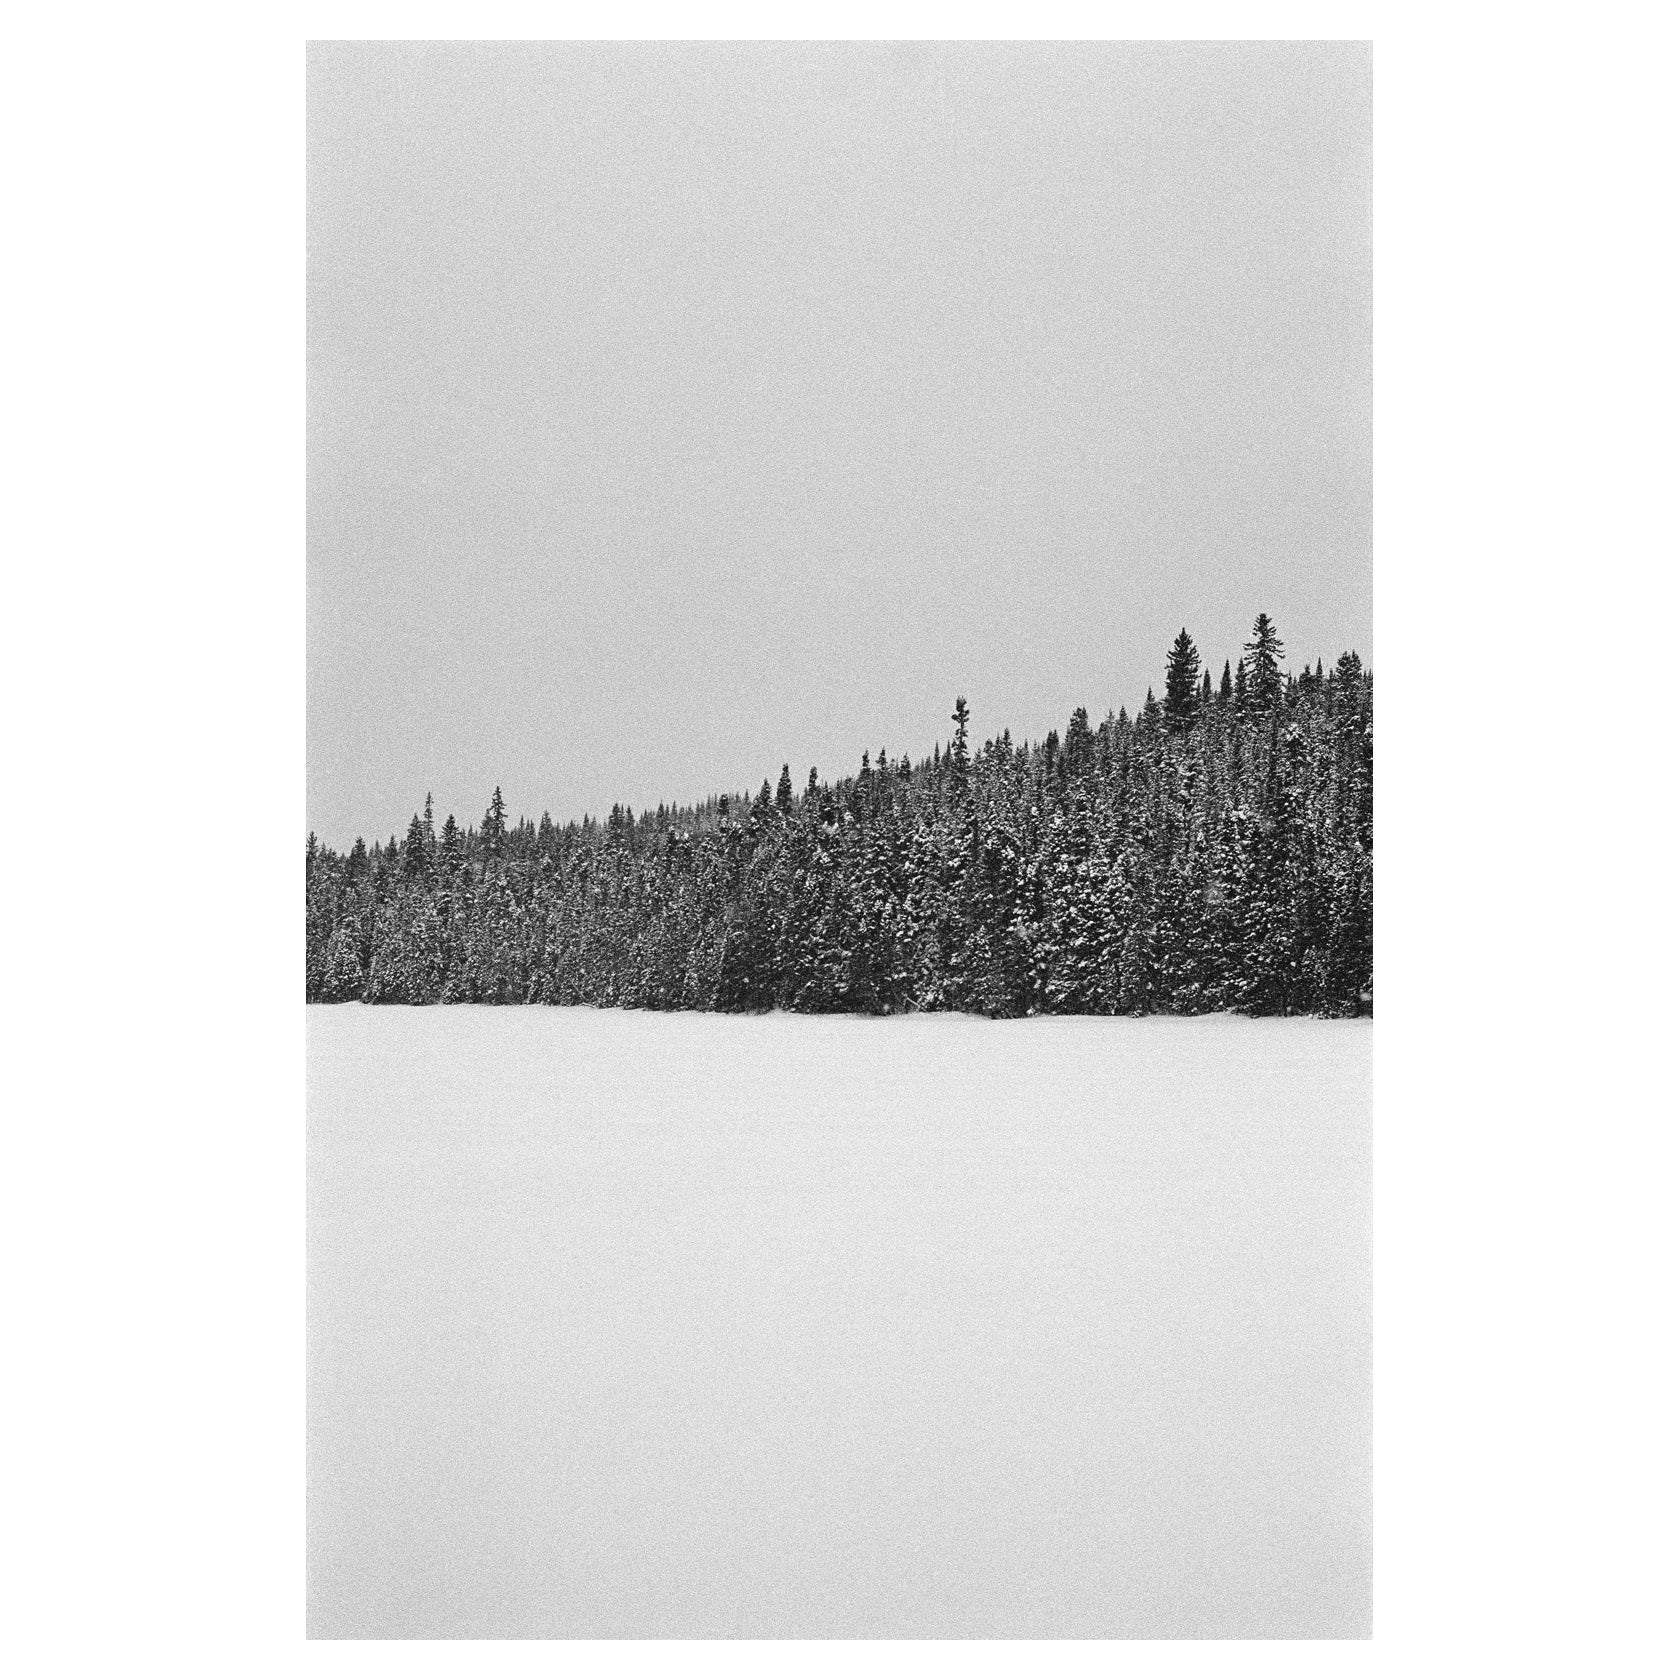 Frédéric Tougas, Strophes Pour L’hiver, Now Here, Edition of 11, Photograph For Sale
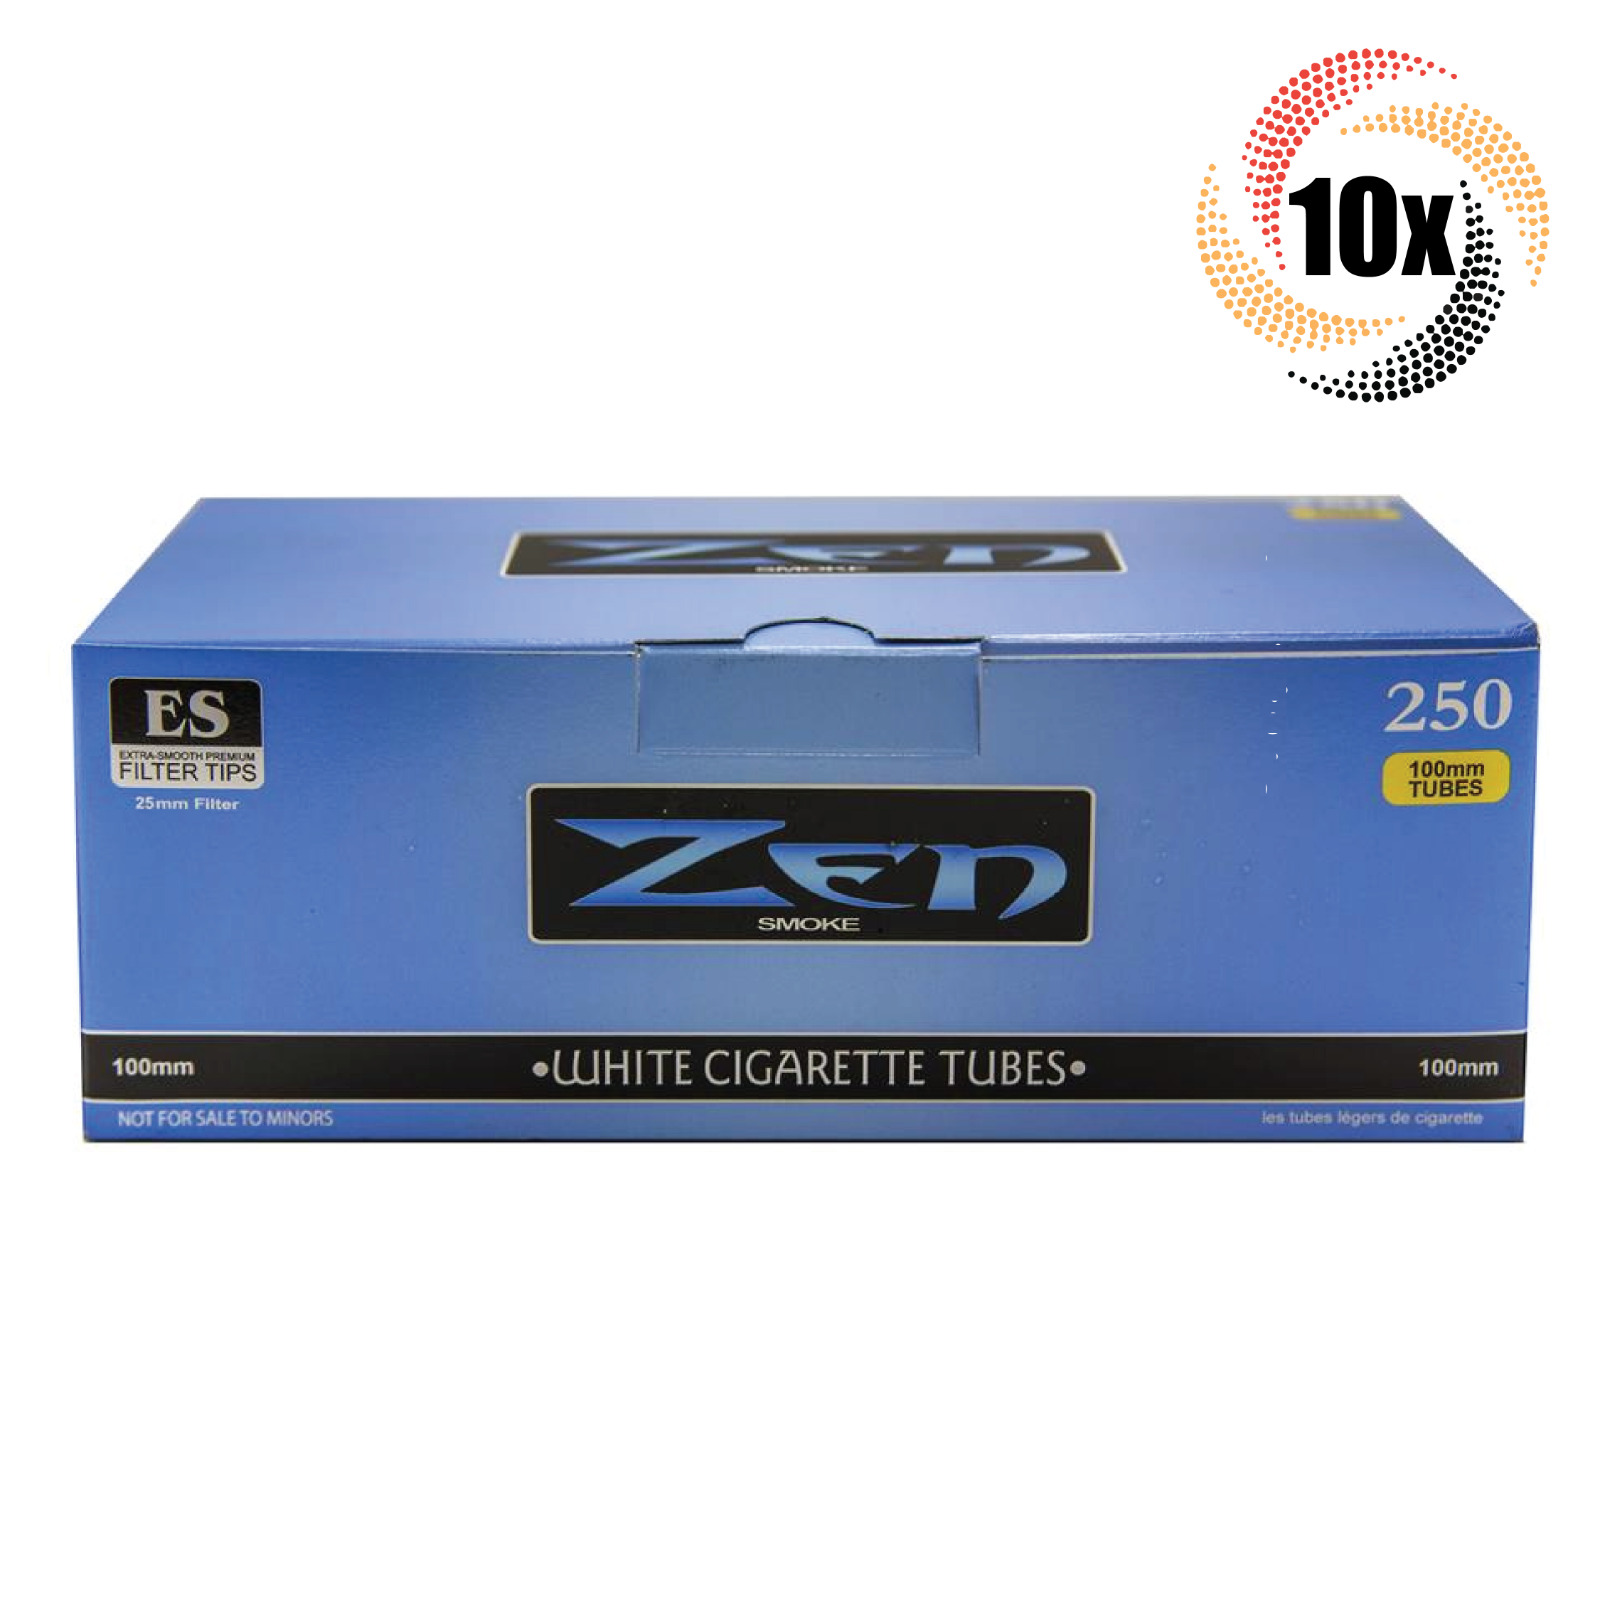 10x Boxes ZEN Cigarette Tubes Light 100MM ( 2,500 Tubes ) Cigarette Tube RYO
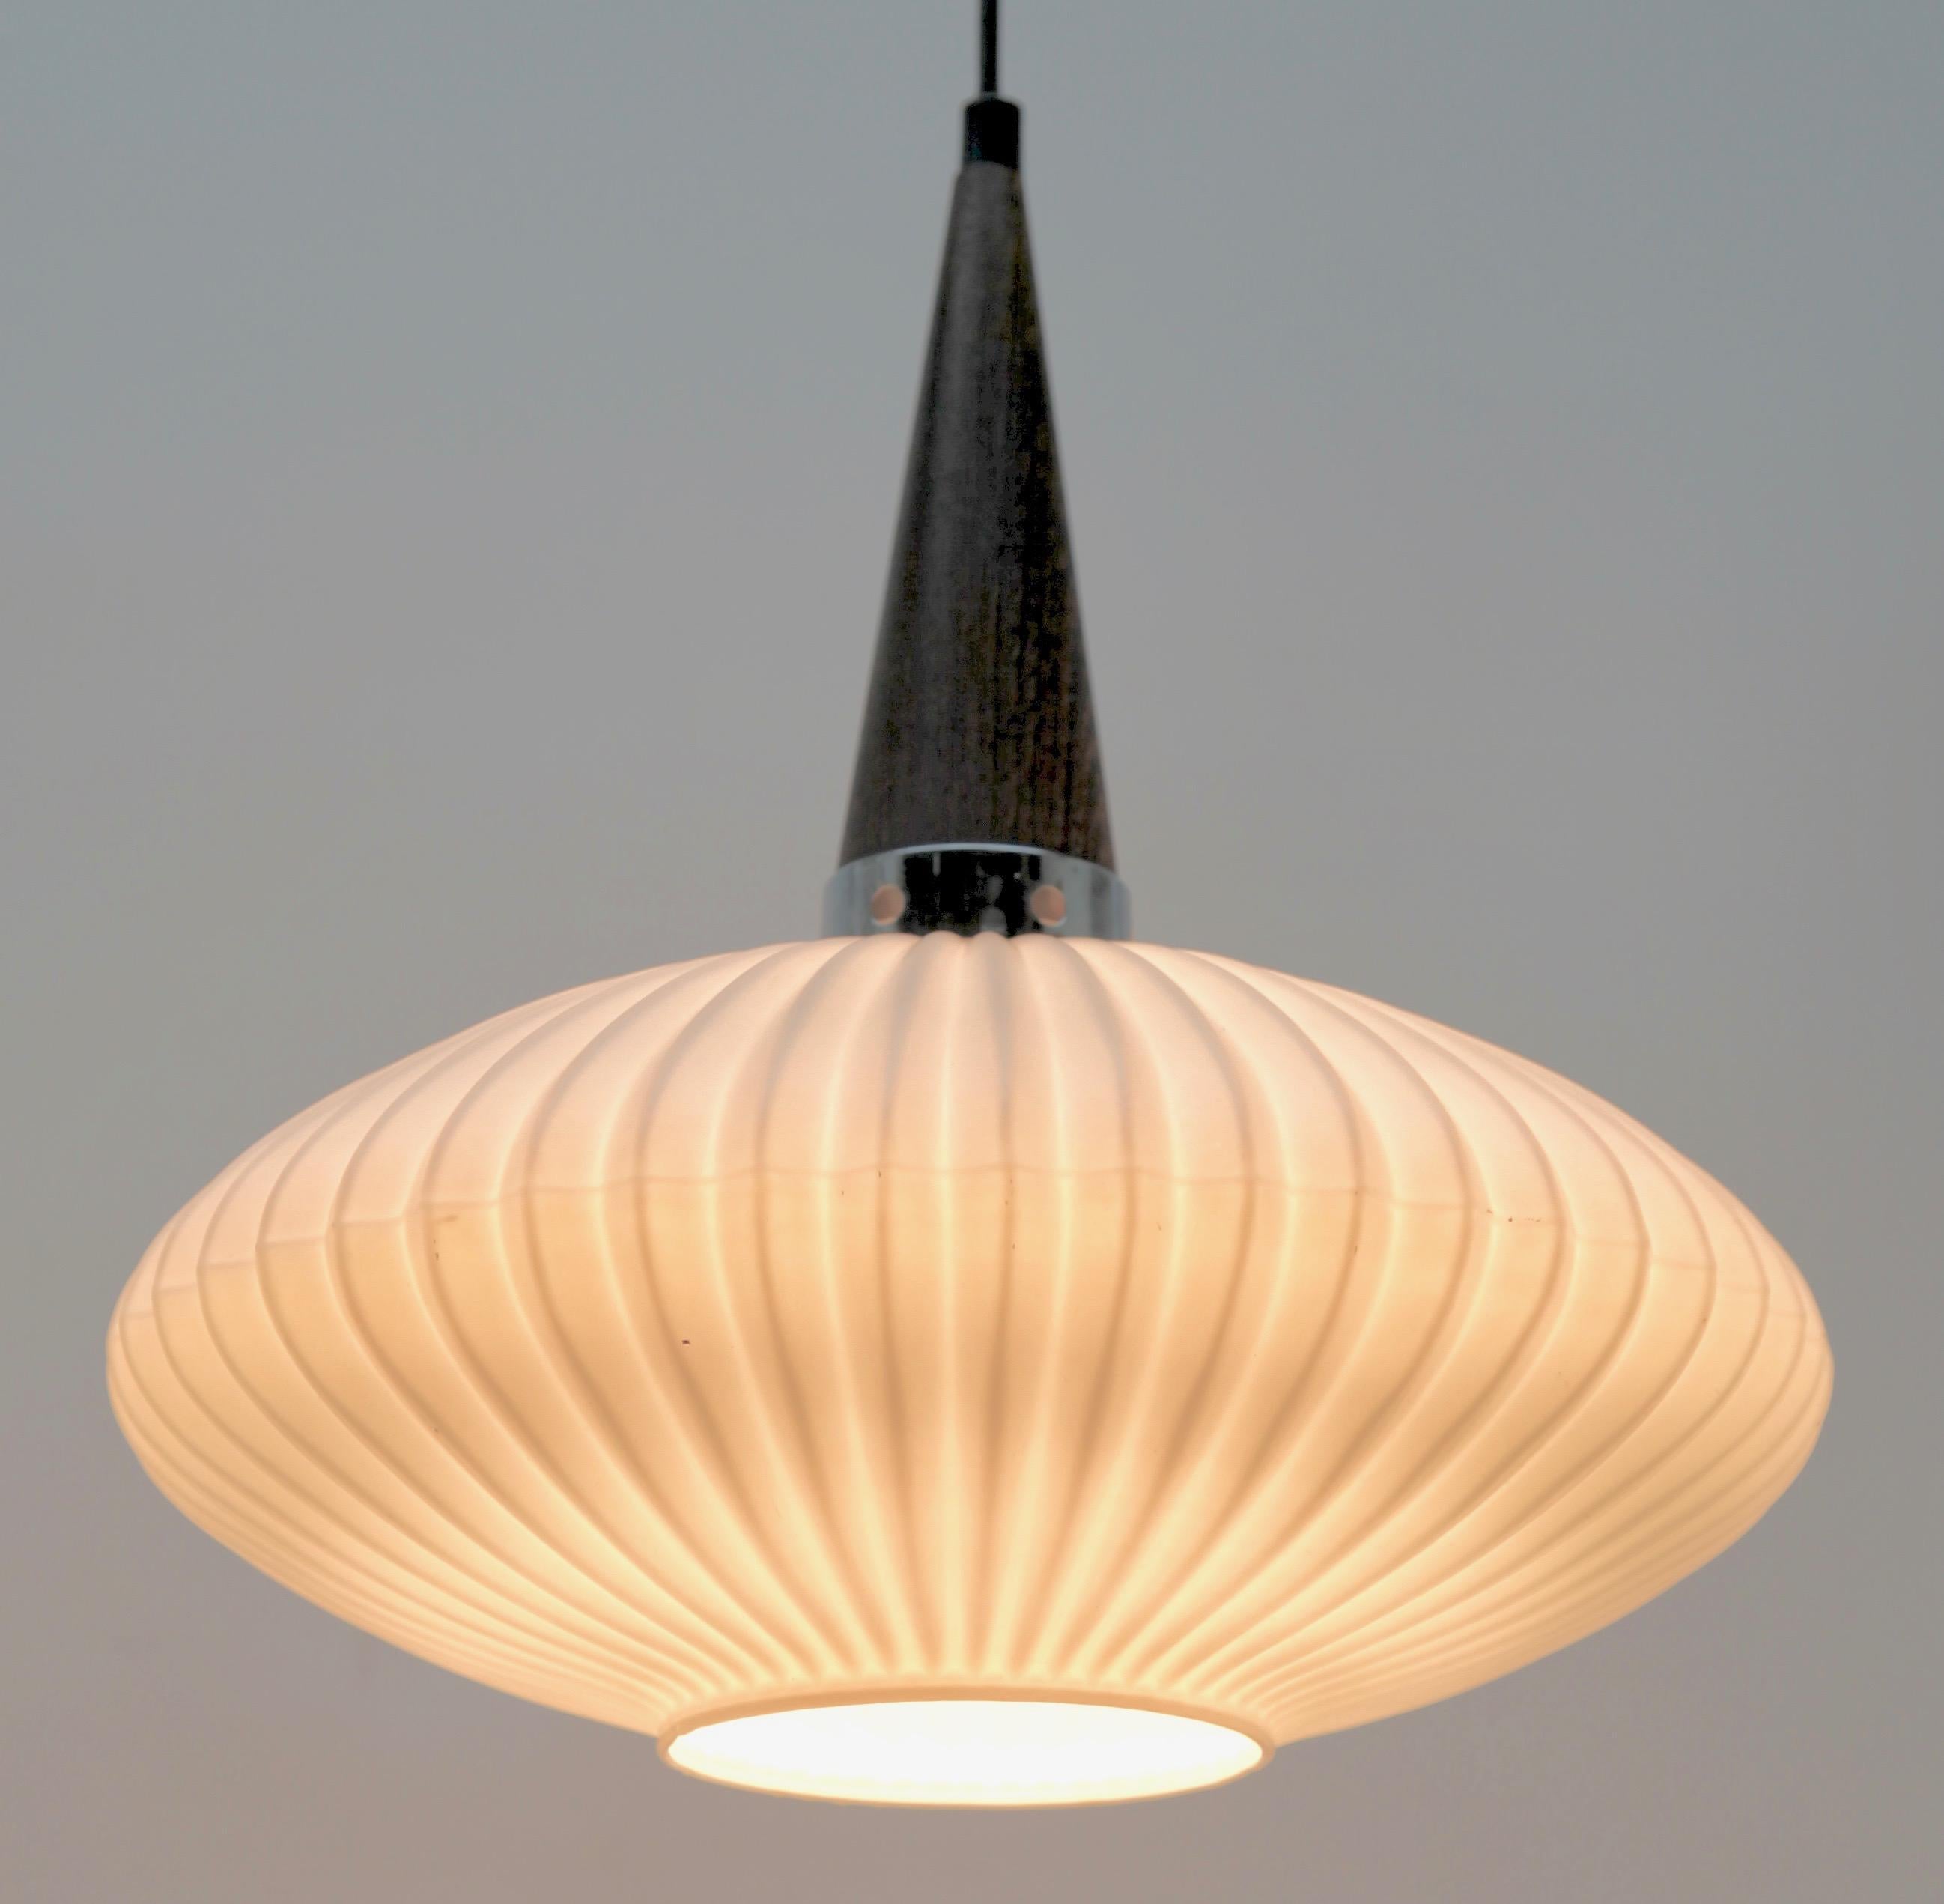 Mid-20th Century Midcentury Scandinavian Pendant Light, Wenge with Optical Opaline Shade

* [Exercise description]
The required output is the line containing "10x Boxes ZEN" plus every line after it to the end of the data, copied exactly and with no pictures.

* [Solution for this task]
 10x Boxes ZEN Cigarette Tubes Light 100MM ( 2,500 Tubes ) Cigarette Tube RYO
 Mid-20th Century Midcentury Scandinavian Pendant Light, Wenge with Optical Opaline Shade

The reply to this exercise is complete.